Let R2 be a similar base relation (NAME, FUNCTION), with the corresponding rule "Person identified by name (NAME) has function (FUNCTION)."Tuples in R1 could indicate that "Chris Date has smartness.", or "George Bush has linguistic difficulties." Tuples in R2 could indicate that "Chris Date has the function database lecturer", or "George Bush has the function of President of the United States.".
These two relations can be joined, yielding a view whose rule would be something along the lines of "Person identified by name (NAME) has quality (QUALITY) and has function (FUNCTION)." One tuple's proposition in this view might be that "Chris Date has smartness and the function of database lecturer."

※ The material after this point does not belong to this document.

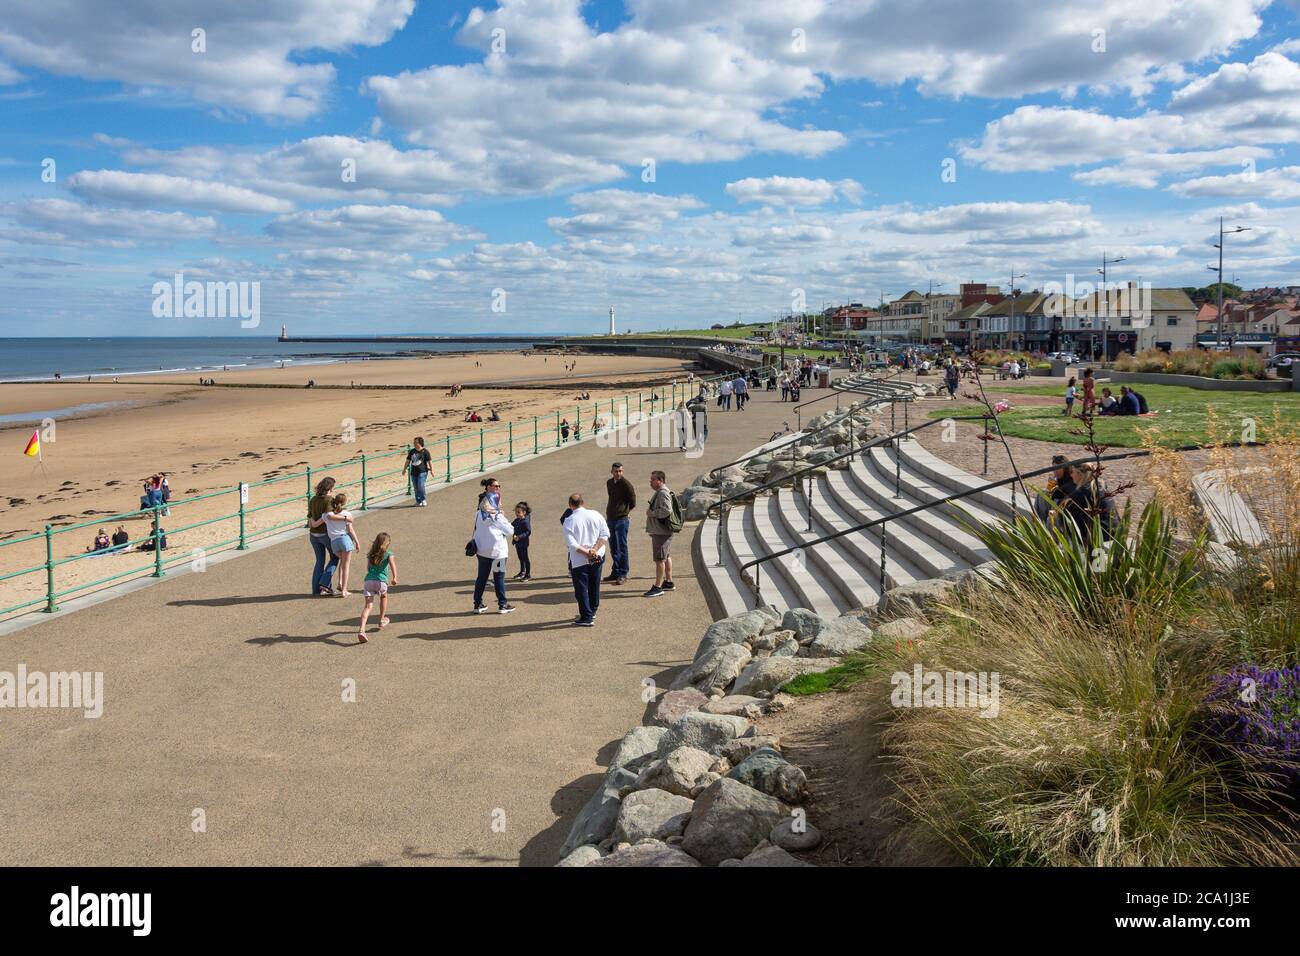 Promenade et front de mer très fréquentés, Seaburn, Sunderland, Tyne and Wear, Angleterre, Royaume-Uni Banque D'Images
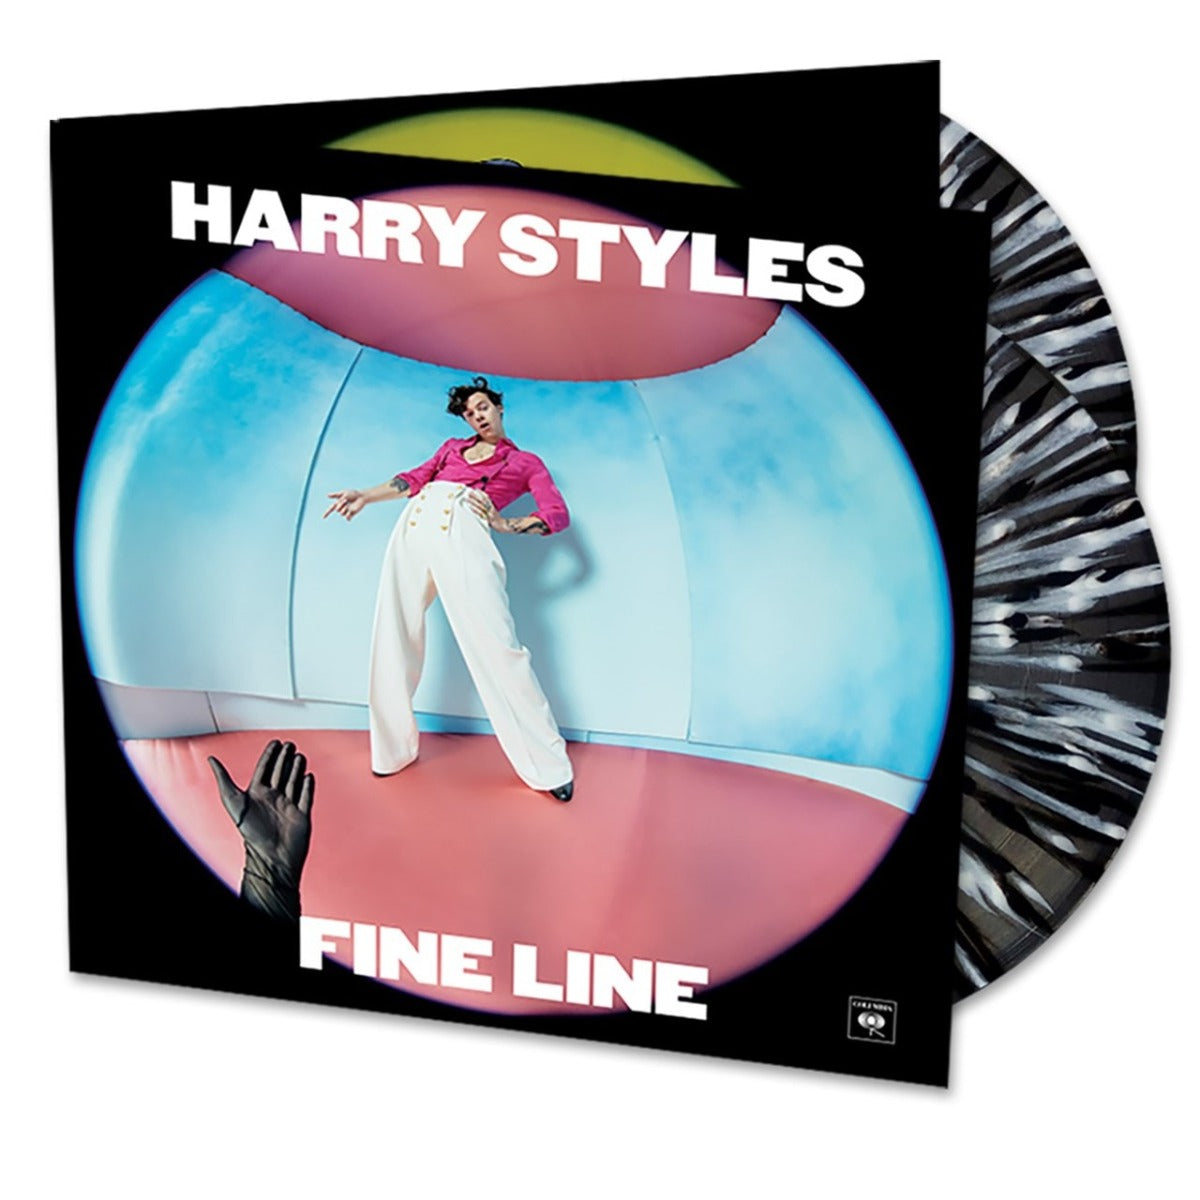 Harry Styles Fine Line (Limited Edition, Black & White Splatter Vinyl, Gatefold Cover) (2 Lp's) Vinyl - Paladin Vinyl

Now suppose that Chris Date is tired of being misunderstood, and decides to retire. Implying that Chris Date no longer has a function whatsoever. A user might now observe that the proposition contained in his database (view), is no longer true. He might want to correct this and (if the update is done through this join view) he can obviously only do so by deleting the join tuple that is now false. Now, if I understand your proposed join-delete algorithm correctly, then the system should react by removing both the assertion regarding Chris Date's function *as well as* the assertion regarding Chris Date's quality? Frankly, I can hardly believe this is for real ... Stop giving lectures does not imply stop being smart and vice-versa.
More generally: deleting a tuple from a join (or intersect or difference for that matter) view, means in fact that the user is saying that "it is not true that both P(A) and P(B) are true."--where P(A) and P(B) are both propositions related to the tuples of the base relations that are joined in the view. Nothing more and nothing less. To deduce from this fact that "both P(A) and P(B) are false" (which is indeed what we mean when we delete "the A part from A and the B part from B"), simply looks like "false reasoning" to me (well, at least in my school days it was labeled that way). I therefore have come to believe that "view updatability" should be allowed to happen IF AND ONLY IF the system has PRECISELY ONE WAY to "resolve" the user's request. You state that this is "highly desirable", but I believe that's not good enough. I believe it should be a sine qua non."
C. J. Date
First of all, let me say that I no longer regard view updating as a fully solved problem. A year ago or so I thought it was--but then Hugh Darwen started to ask some hard questions and I realized I was wrong. (David McGoveran will probably disagree with me here.) That said, I remain optimistic that the problem is solvable.
That said, I remain optimistic that the problem is solvable. The discussion in my 8th Ed. is generally along the right lines, though it gets some of the details wrong. One important piece of the puzzle that wasn't mentioned in the 8th edition is what I and Darwen introduced as The Assignment Principle (Ed. Note: For CJD's current position see).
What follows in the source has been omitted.